Symfony Bundle Integration

<?php
// config/services.yaml equivalent in PHP

namespace App;

use Mullama\Model;
use Mullama\Context;
use Mullama\EmbeddingGenerator;

// Service definitions
class MullamaFactory
{
    private ?Model $model = null;

    public function __construct(
        private string $modelPath,
        private int $gpuLayers = 0,
        private int $contextSize = 2048,
    ) {}

    public function getModel(): Model
    {
        if ($this->model === null) {
            $this->model = Model::load($this->modelPath, [
                'nGpuLayers' => $this->gpuLayers,
            ]);
        }
        return $this->model;
    }

    public function createContext(): Context
    {
        return new Context($this->getModel(), [
            'nCtx' => $this->contextSize,
        ]);
    }

    public function createEmbeddingGenerator(): EmbeddingGenerator
    {
        return new EmbeddingGenerator($this->getModel());
    }
}

Error Handling

PHP bindings throw RuntimeException on errors:

use Mullama\Model;
use Mullama\Context;
use RuntimeException;

try {
    $model = Model::load('./nonexistent.gguf');
} catch (RuntimeException $e) {
    echo "Load failed: " . $e->getMessage() . "\n";
}

try {
    $model = Model::load('./model.gguf');
    $ctx = new Context($model, ['nCtx' => 2048]);
    $text = $ctx->generate("Hello", 100);
} catch (RuntimeException $e) {
    echo "Error: " . $e->getMessage() . "\n";
}

Errors from the FFI layer are automatically retrieved and included in the exception message.


Configuration

php.ini Settings

; Required: enable the FFI extension
extension=ffi

; FFI access level:
; "true" - allow FFI::cdef() (development)
; "preload" - only allow preloaded FFI (production)
; "false" - disable FFI
ffi.enable=true

; Preload the mullama FFI definitions (production)
; ffi.preload=/path/to/mullama_preload.php

Custom Library Path

<?php

use Mullama\Mullama;
use Mullama\Model;

// Set before any other Mullama operations
Mullama::setLibraryPath('/opt/mullama/lib/libmullama_ffi.so');

// Now load models as usual
$model = Model::load('./model.gguf');

Requirements

Requirement Version
PHP >= 8.1
FFI extension enabled
libmullama_ffi shared library
mullama.h header file
Composer >= 2.0 (for installation)

Performance Tips

  1. Reuse models -- model loading is expensive.

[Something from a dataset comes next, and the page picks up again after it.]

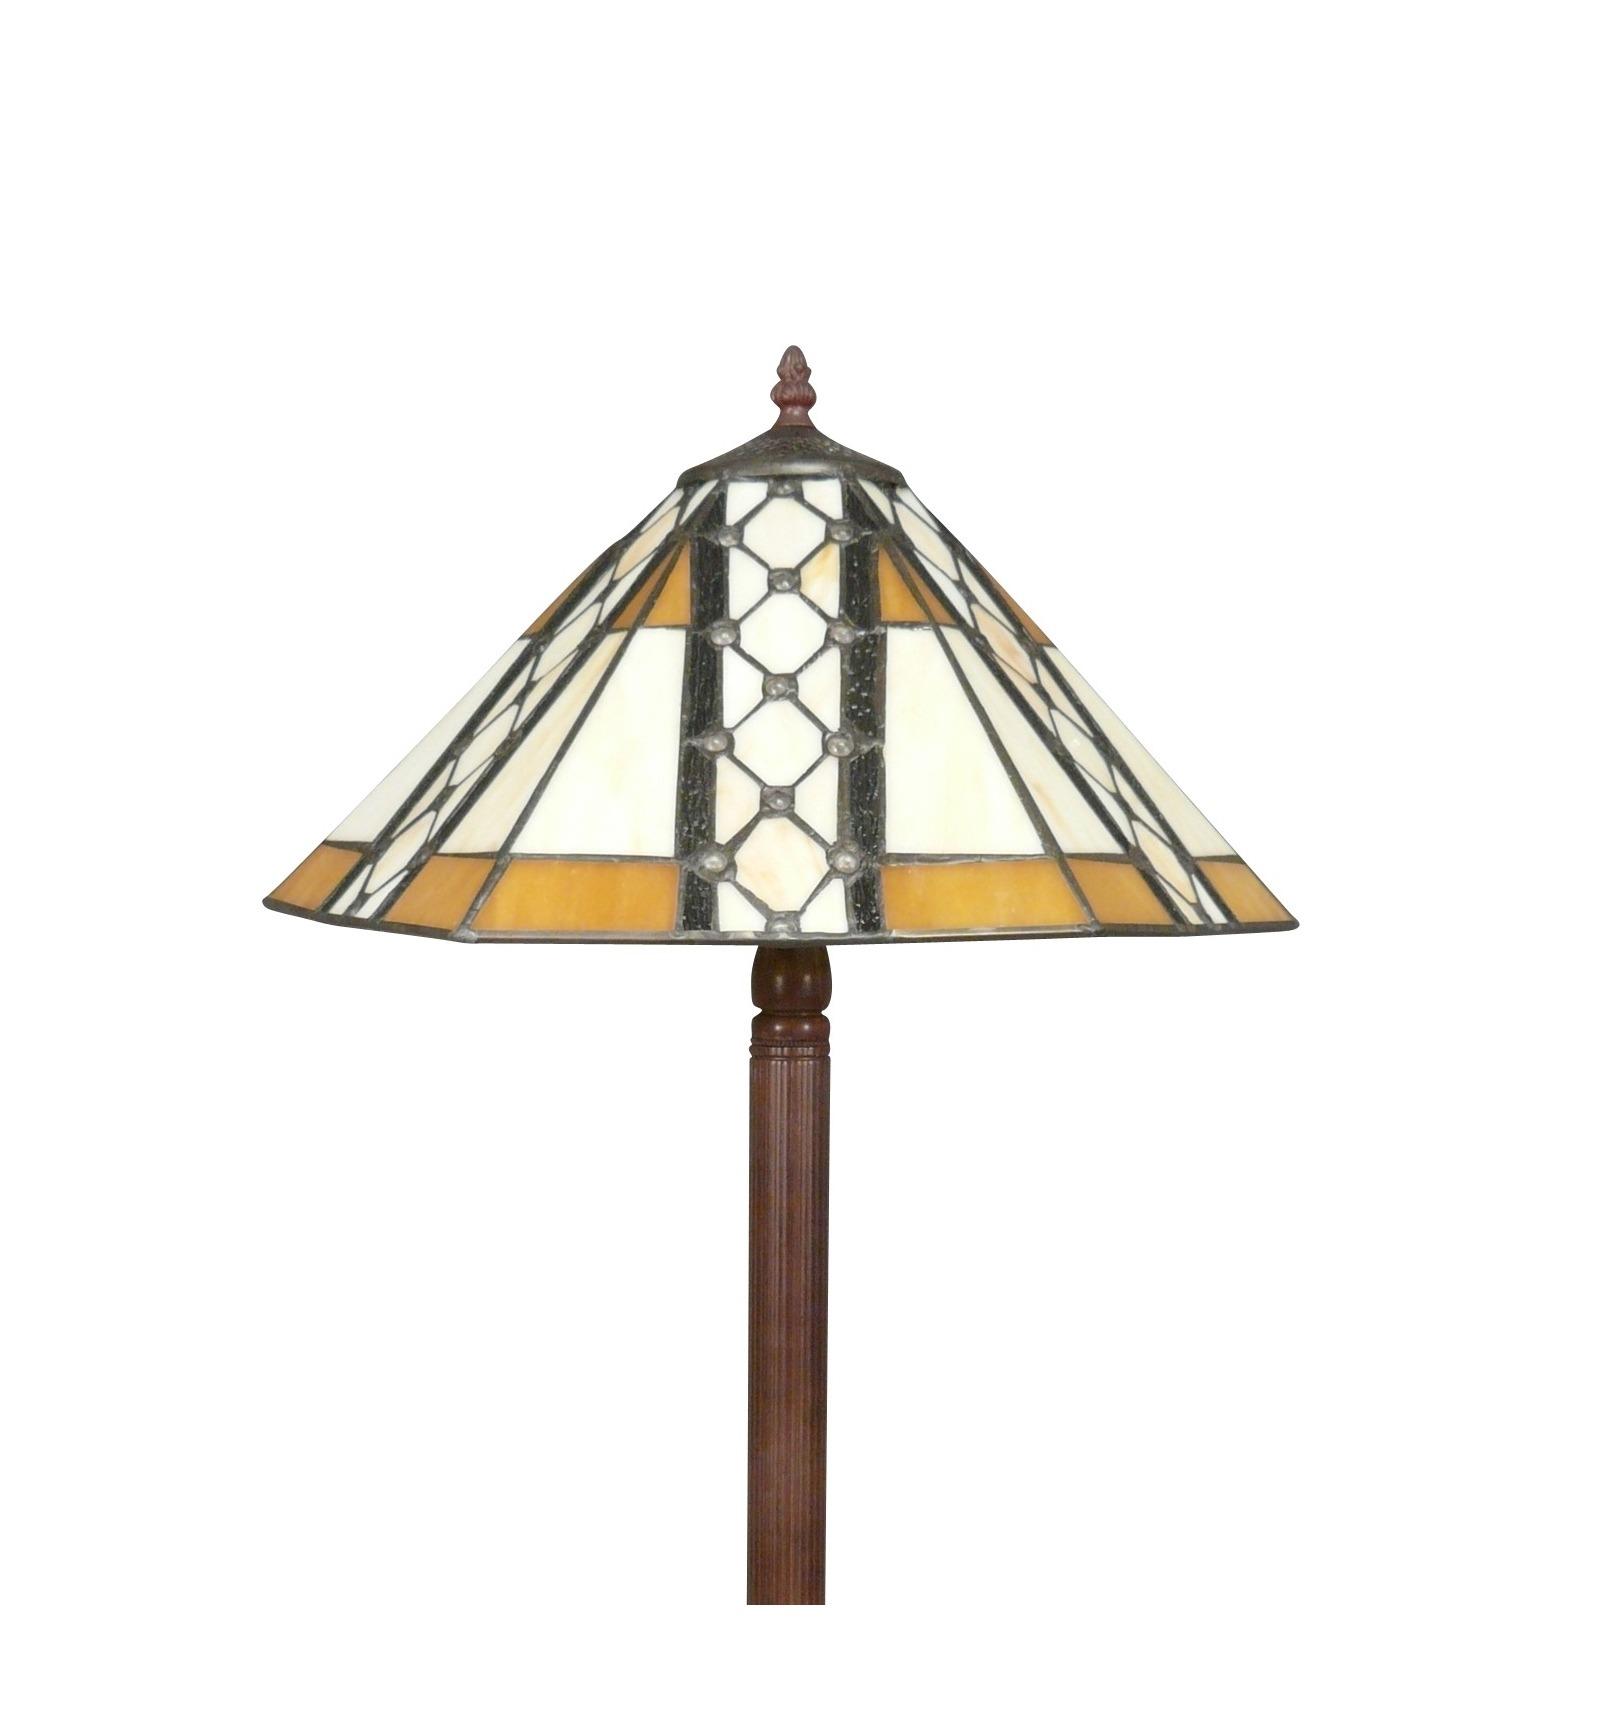 floor lamp tiffany navajo lamps and wall sconces art deco. Black Bedroom Furniture Sets. Home Design Ideas

Use a singleton pattern or dependency injection to share a single model instance.

  2. GPU offloading -- set nGpuLayers to -1 to use all GPU layers when available.

  3. Context lifecycle -- create contexts as needed and let them be garbage collected, or call free() explicitly in long-running processes.

  4. Batch embeddings -- use embedBatch() rather than calling embed() in a loop.

  5. FFI preloading -- in production, use ffi.enable=preload and preload the FFI definitions for better security and performance.

  6. Memory limits -- large models may exceed PHP's default memory limit. Increase with ini_set('memory_limit', '4G') or in php.ini.